With the big push on for fall readiness, an interesting problem cropped up this afternoon. It was reported that one of our new sites was not working in IE 11 or Microsoft Edge browser with an SSL Certificate error. I pulled up the site in Chrome since I run on a Mac to see the certificate and everything looked fine. I also checked it in Safari, but that looked OK too.

I do have a Windows 10 virtual instance, so I fired it up and pointed my Edge browser to the URL in question and that’s what I started seeing the problem. Edge would completely refuse to connect to the URL, but it wouldn’t tell me why. Next, I connected to a Windows 2008R2 instance I have running in AWS to check and see what it reported and found that IE 11 would at least show me the error (Certificate Revoked).

Ok, now I know what the problem is and know which browsers check and which browsers don’t. We quickly updated our CloudFront distribution to use the correct certificate and everything was good to go.

Since I don’t run Windows must of the time, I wanted to figure out an easier way to validate whether or not a particular certificate has been revoked. Since I knew that I could use openssl to look at certs and pull down information I decided to figure what commands I would need to do to be able to check if a cert has been revoked.

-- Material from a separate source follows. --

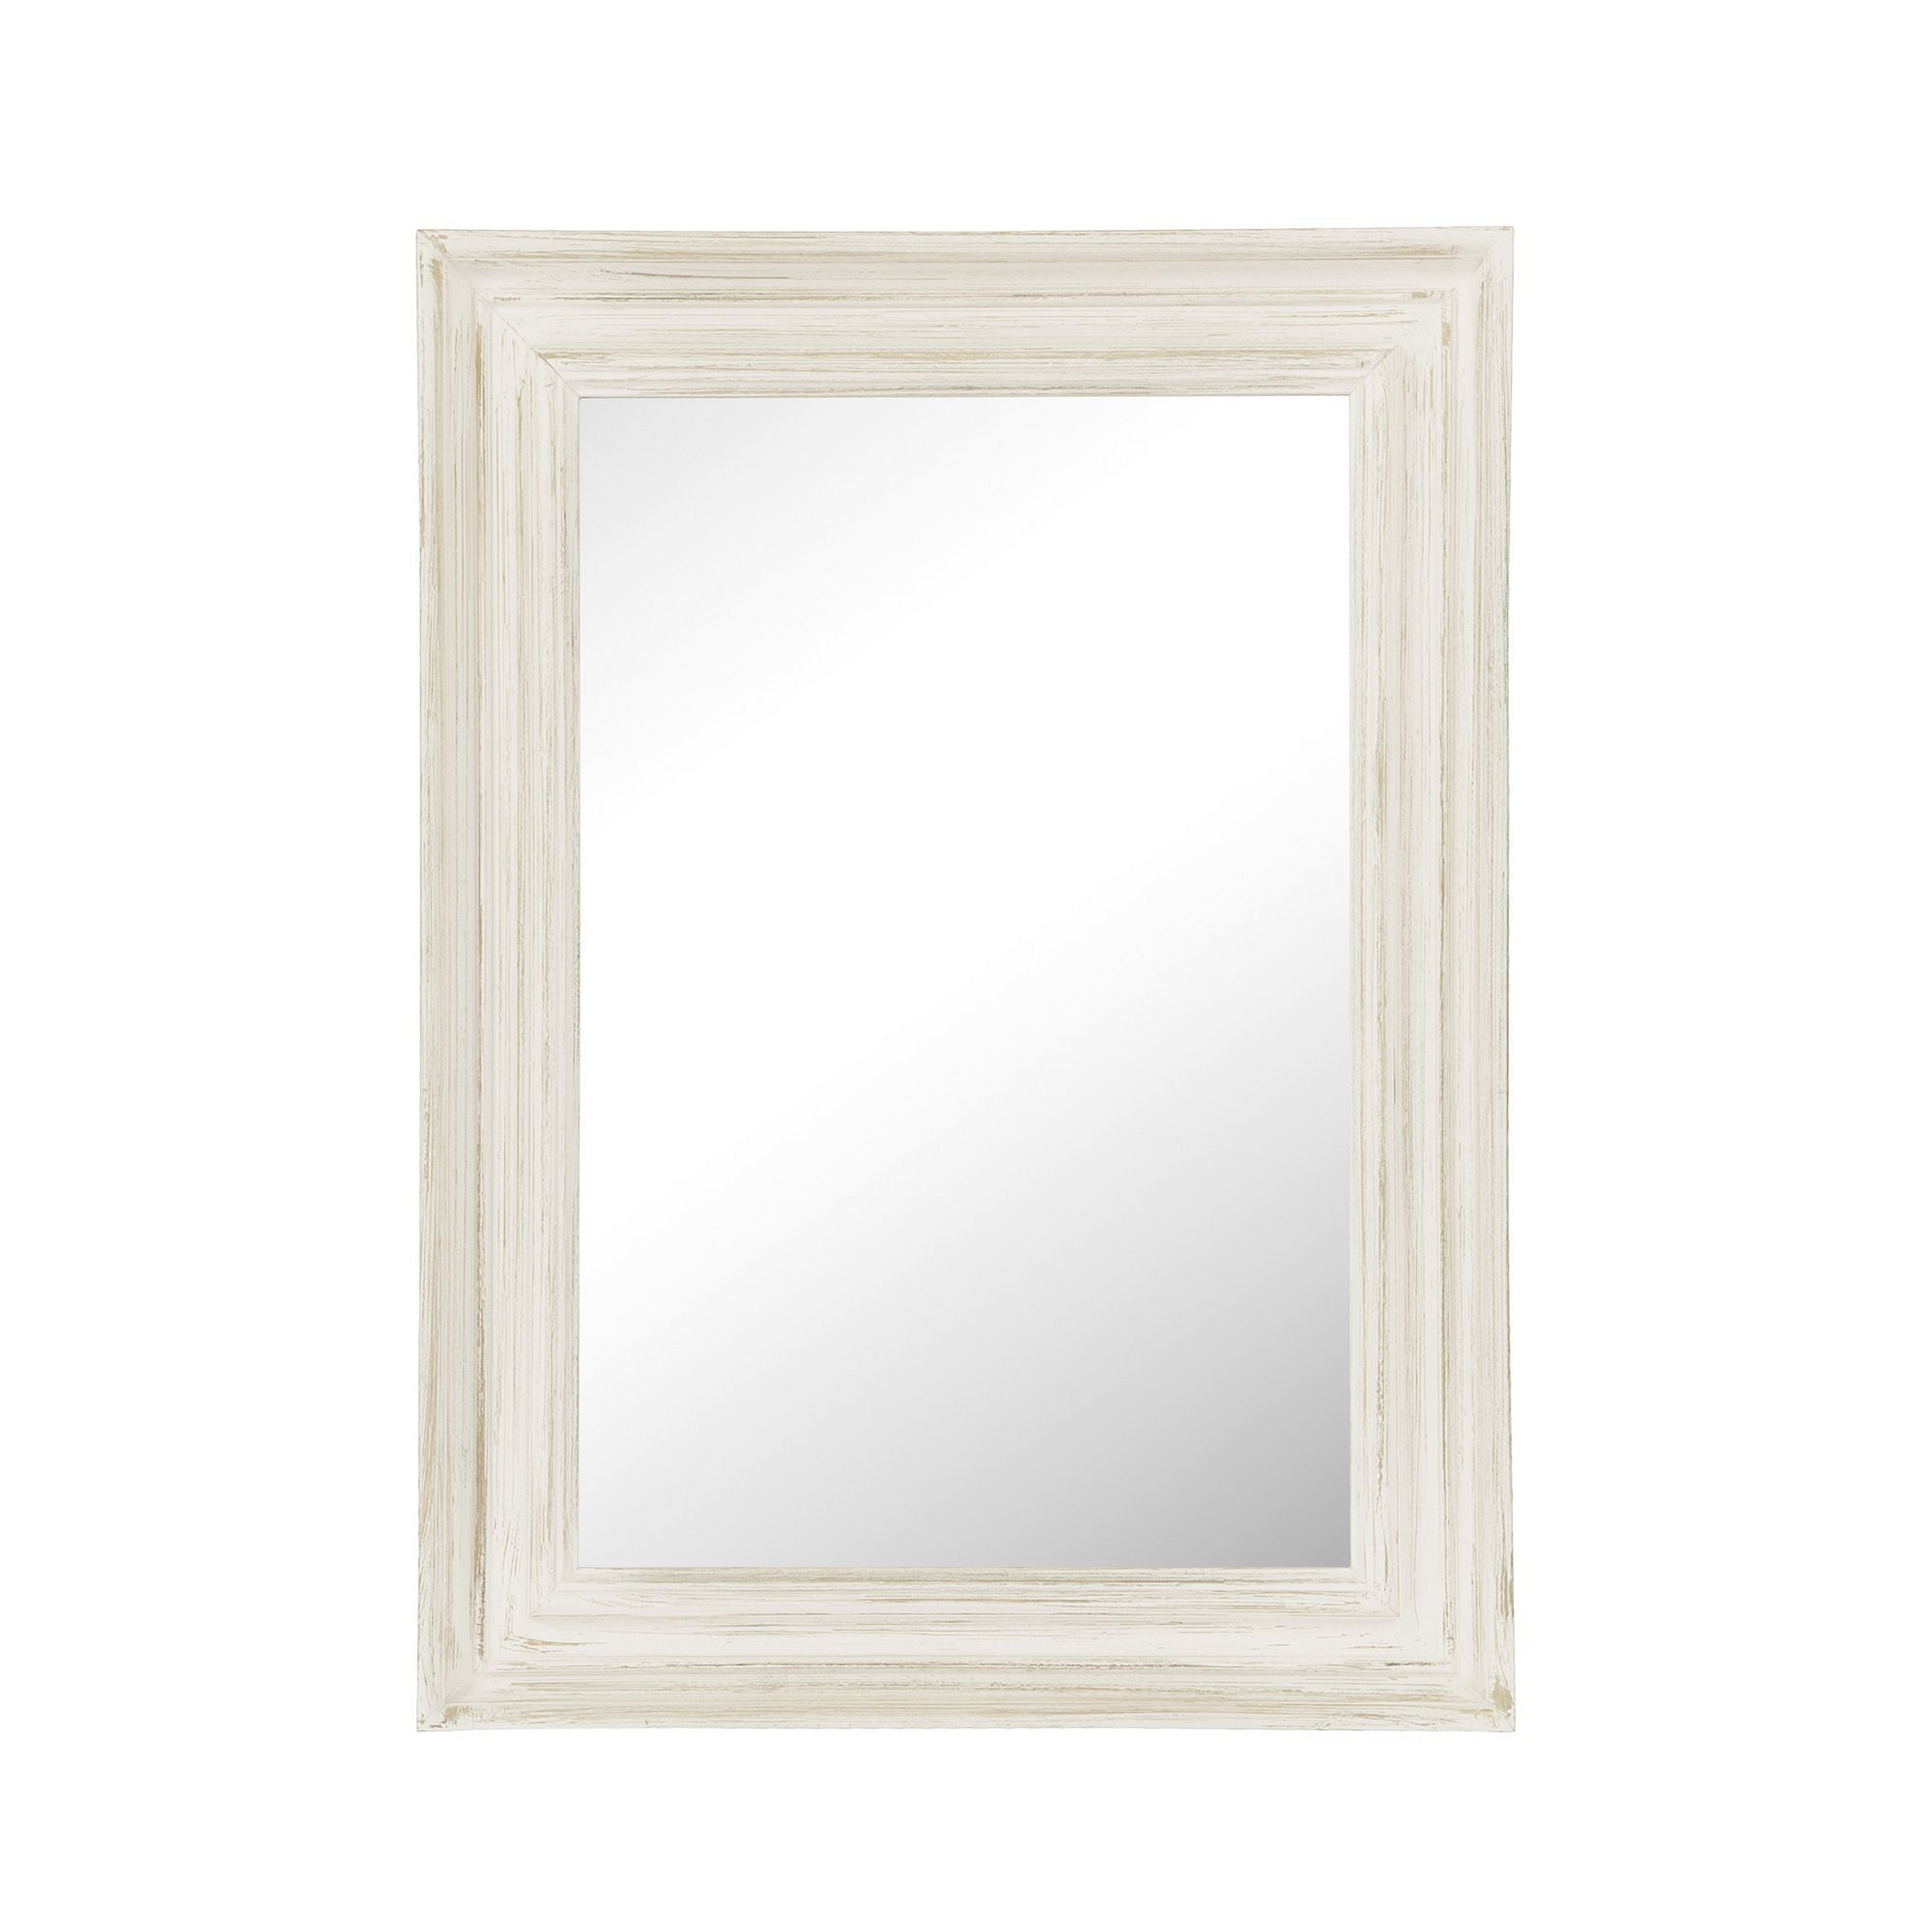 Whitewashed Rectangular Wall Mirror

In order to make the following commands easier to run (and easier to create a shell script out of), I have used variables as much as I can. The first step is to set the URL of the site you want to test:

export URL=austincloud.guru

Once that is set, download the certificate:

echo ""| openssl s_client -connect $URL:443 -servername $URL 2>&1|openssl x509 -out test.crt

Next, set the Online Certificate Status Protocol (OSCP) URL and the Issuer URL:

export OCSP_URI=`cat test.crt |openssl x509 -noout -ocsp_uri`
export ISSUER=`cat test.crt |openssl x509 -noout -text |grep "CA Issuers"|grep -o 'https*://[^"]*'`

Download the Issuer Certificate. Most of them are in the der format, but I found that Google’s was already a .pem

# der formated
curl -s $ISSUER |openssl x509 -inform der -out signer.pem

# pem formated
curl -s $ISSUER > signer.pem

Finally, run the ocsp command to determine if the cert has been revoked or not:

openssl ocsp -issuer signer.pem -cert test.crt -text -url $OCSP_URI -header "HOST" `echo $OCSP_URI| cut -d / -f 3`

Once you have done, you will either see something like this if it is revoked:

test.crt: revoked
This Update: Jul 28 20:23:54 2017 GMT
Next Update: Jul 30 08:23:54 2017 GMT
Reason: cessationOfOperation
Revocation Time: Jul 15 14:40:33 2017 GMT

or something like this if it is valid:

test.crt: good
This Update: Jul 28 17:32:00 2017 GMT
Next Update: Aug 4 16:47:00 2017 GMT

One caveat. When I was running this in MacOS Sierra, the native OpenSSL command didn’t work as it doesn’t seem to support the ‘-header’ option. I had to download openssl from Homebrew and use that one. It seemed to work just fine in my AWS Linux instance.